At the top right corner of this page, you will find the **New** button. Click here, and you will be taken to the Secrets Creation form.

![Screenshot of Saturn Cloud Create Credentials form](https://saturn-public-assets.s3.us-east-2.amazonaws.com/example-resources/create-new-secret.png "doc-image")

You will be adding two credentials items: your Kaggle username and API key. Complete the form one time for each item.

| Credential | Name |
|---|---|
| Kaggle Username | `kaggle-username`
| Kaggle API Key | `kaggle-key`

Copy the values from your "kaggle.json" file into the *Value* section of the secret creation form. You must use the provided variable names above for Kaggle to connect correctly.

With this complete, your Kaggle credentials will be accessible by Saturn Cloud resources!

### Setting Up Your Resource
First, you will need to attach your Kaggle credentials to your resource. On the resource's page, navigate to the *Secrets* tab, and then click on the *Attach Secret Environment Variable* button.

[Screenshot of Saturn Cloud Attach Secret Environment Variable button](https://saturn-public-assets.s3.us-east-2.amazonaws.com/example-resources/attach-secret-variable-arrow.png "doc-image")

Next, add the `kaggle-username` and `kaggle-key` variables one at a time by selecting them from the dropdown list. The correct *Environment Variable Name* field will be generated by default. Once your two secrets are attached, you're ready to connect to Kaggle from your resource!

Kaggle is not installed by default in Saturn images, so you will need to install it onto your resource. This is already done in this example recipe, but if you are using a custom resource you will need to `pip install kaggle`. Check out our page on [installing packages](https://saturncloud.io/docs/using-saturn-cloud/install-packages/) to see the various methods for achieving this!

### Download a Dataset
Now that you have set up the credentials for Kaggle and installed kaggle, downloading Kaggle data is really straightforward!

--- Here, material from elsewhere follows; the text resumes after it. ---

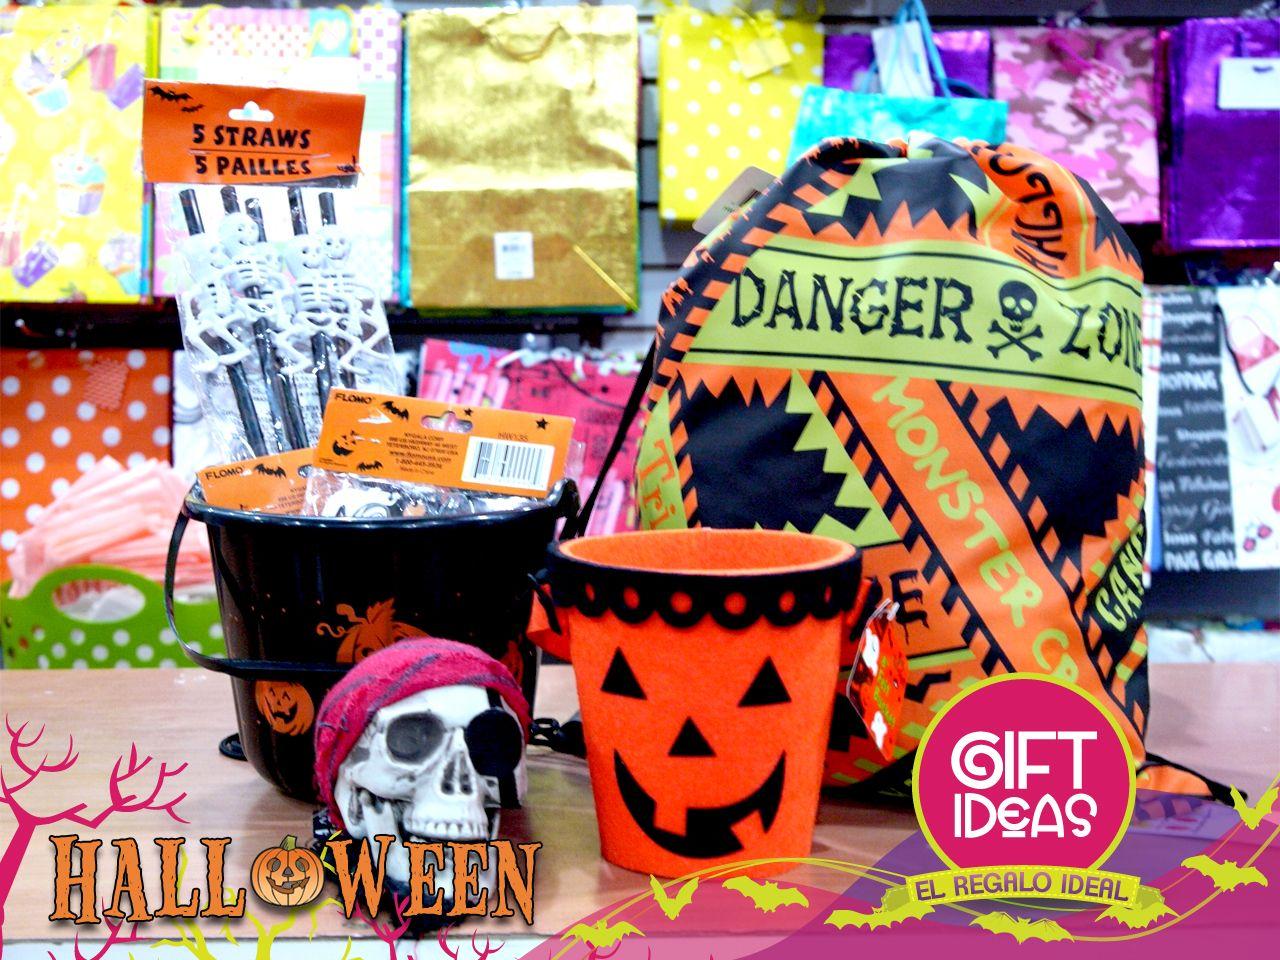 ¡DANGER! #Halloween está súper cerca y necesitas tener el artículo ideal para asistir a esa fiesta. ¡No lo pienses más y visita nuestras tiendas! Encontrarás cosas geniales para decorar, y también para complementar tu disfraz para esa esperada Noche de Brujas ¡Te esperamos!

In Kaggle, find the dataset you want to download.

On the dataset page, click on the three dots to the right and select **Copy API Command**.

![Kaggle dataset page with arrow pointing to Copy API command](https://saturn-public-assets.s3.us-east-2.amazonaws.com/example-resources/kaggle-dataset-arrow.jpeg "doc-image")

Now, in your Saturn Cloud resource, open the terminal then paste the API command. For example:


```{bash}
kaggle datasets download -d deepcontractor/swarm-behaviour-classification
```

That's it! Your dataset will download to your current path, and you will be able to use it for calculations!

### Download a Competition Dataset
Downloading a competition dataset is similarly straightforward, but it is a slightly different process.

In Kaggle, find the competition you want to download the dataset for.

Click on **Data** in the top menu and then copy the command displayed.

![Kaggle competition dataset page with arrows pointing to the Data tab and the API command](https://saturn-public-assets.s3.us-east-2.amazonaws.com/example-resources/kaggle-competition-dataset-arrow.jpeg "doc-image")

Now, in Saturn Cloud, open the terminal, then paste the API command. For example:

```{bash}
kaggle competitions download -c titanic
```

That's it! Your dataset will download to your current path, and you will be able to use it for calculations!